**WORK TASK**
Keep the pictures out. Copy every line of the listing exactly.

**DATA BELOW**
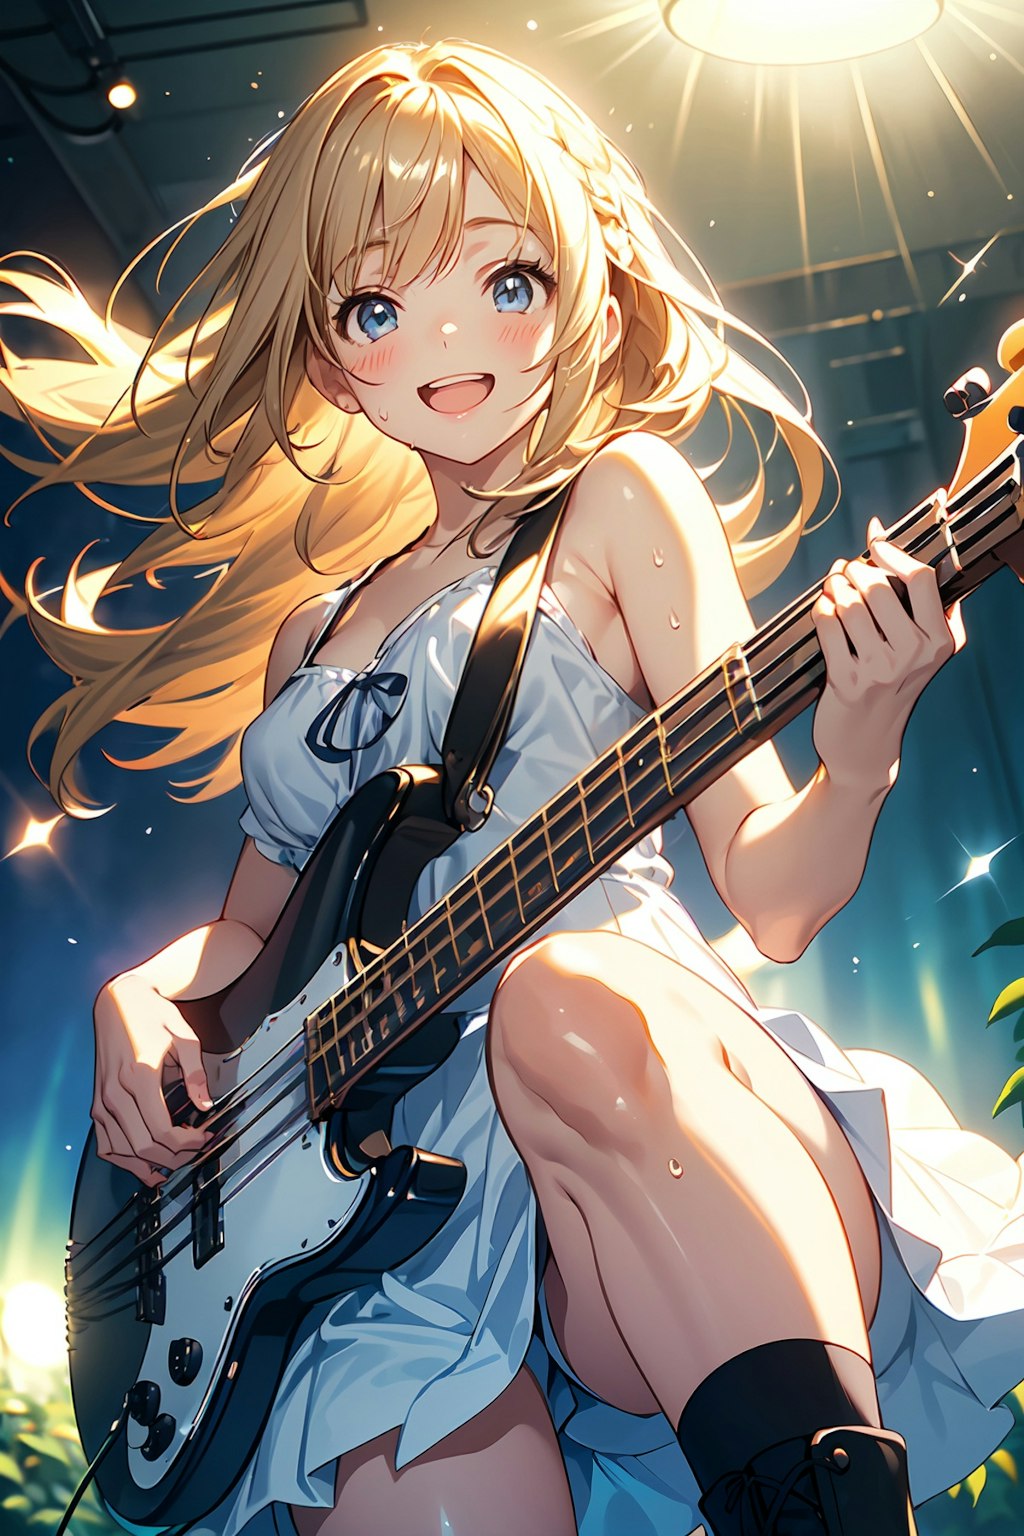 Bass player
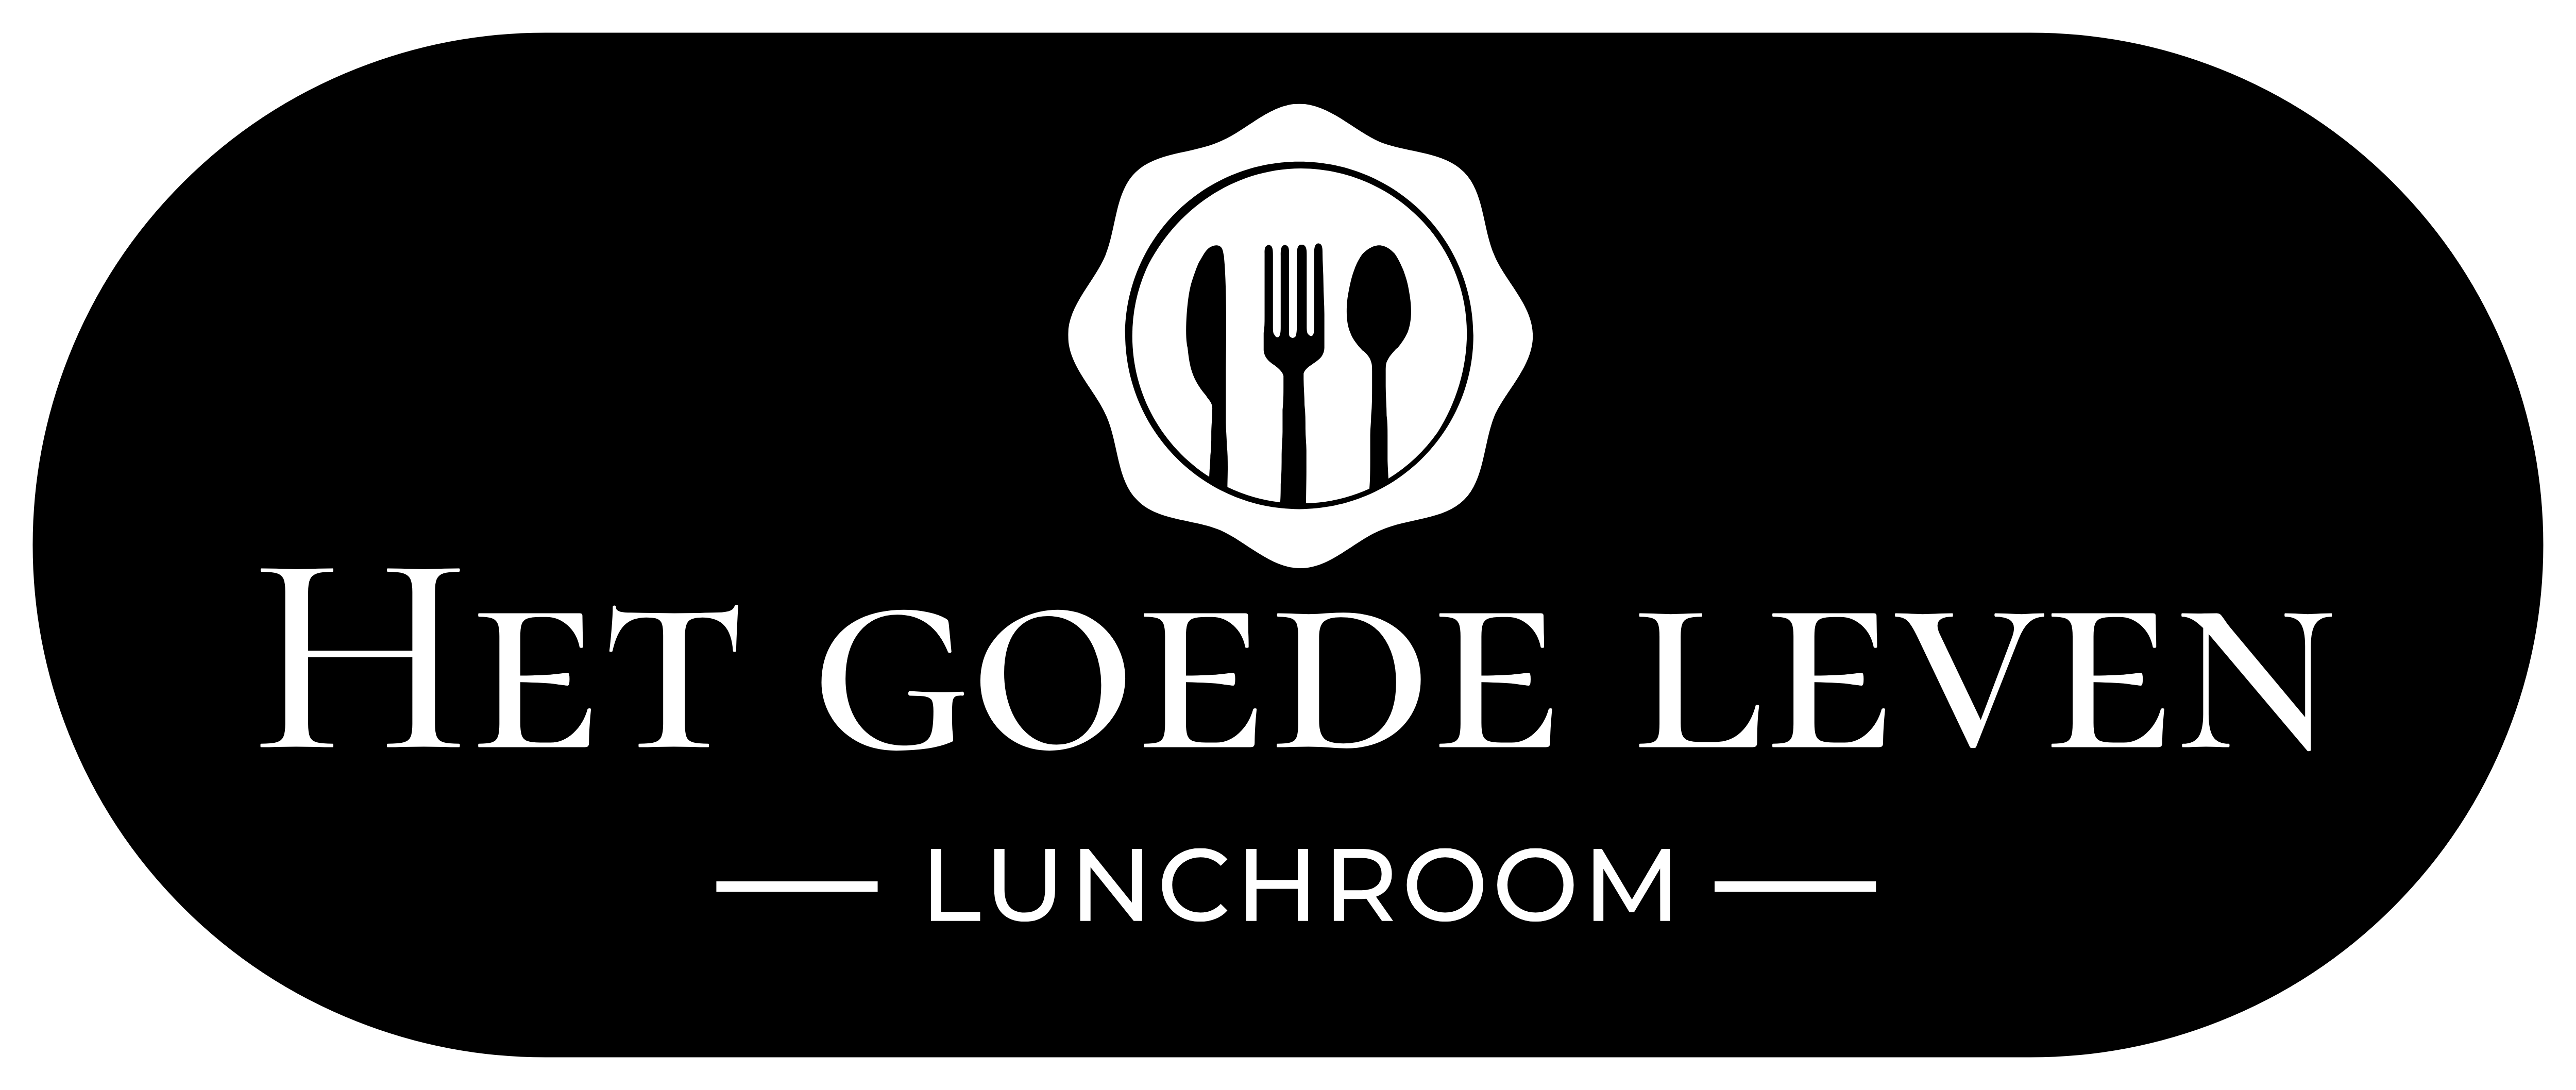 Het logo van Lunchroom Het goede leven te Veendam
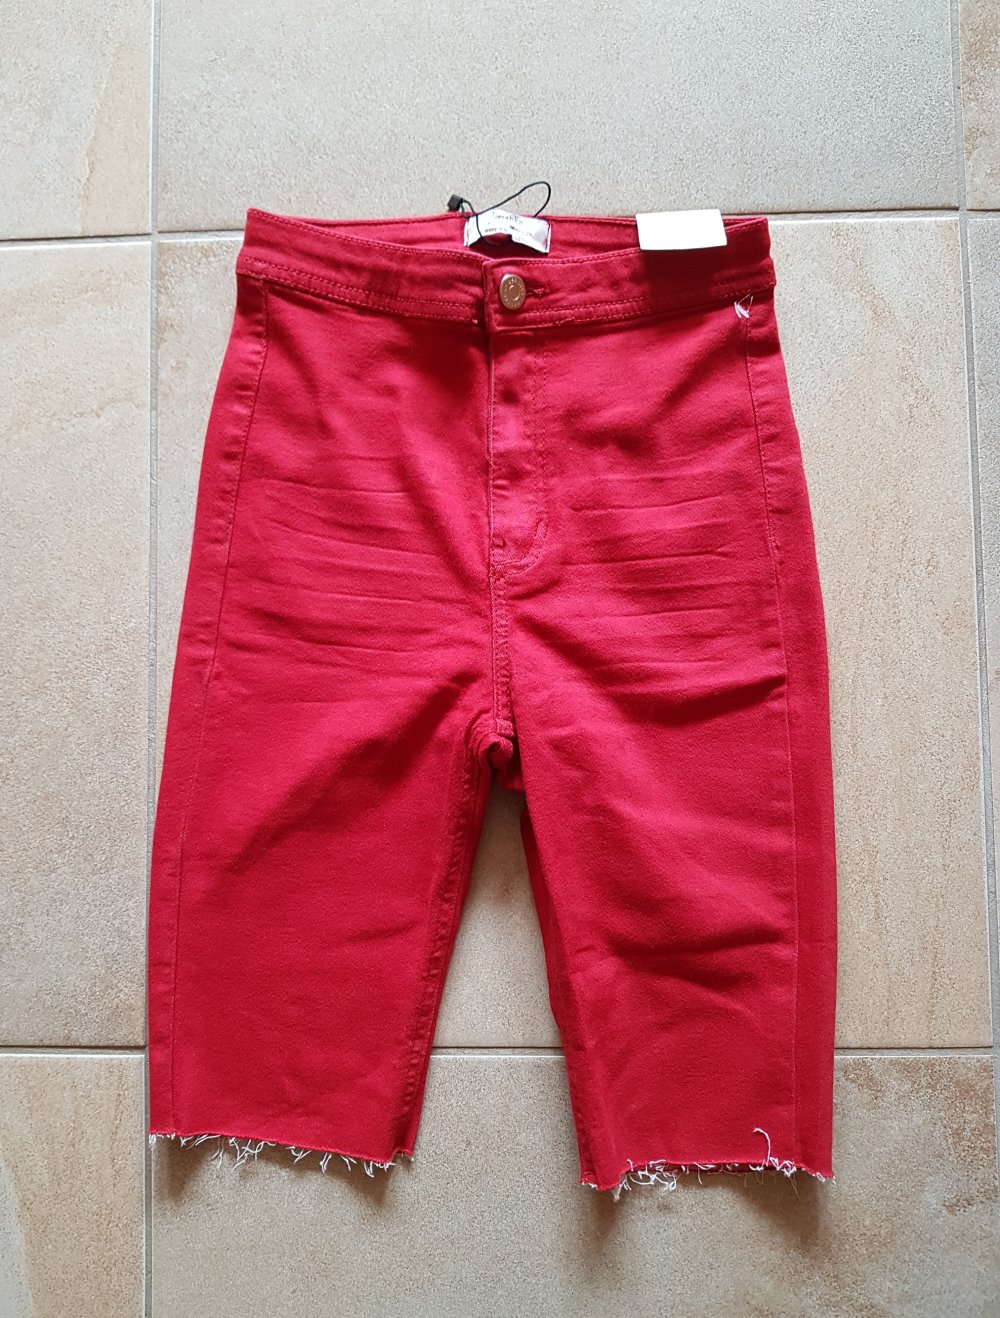 Rote Shorts Radlerhose Highwaist Gr.34 neu

**RESPONSE TO THE EXERCISE**
 Bass player
 Het logo van Lunchroom Het goede leven te Veendam
 Rote Shorts Radlerhose Highwaist Gr.34 neu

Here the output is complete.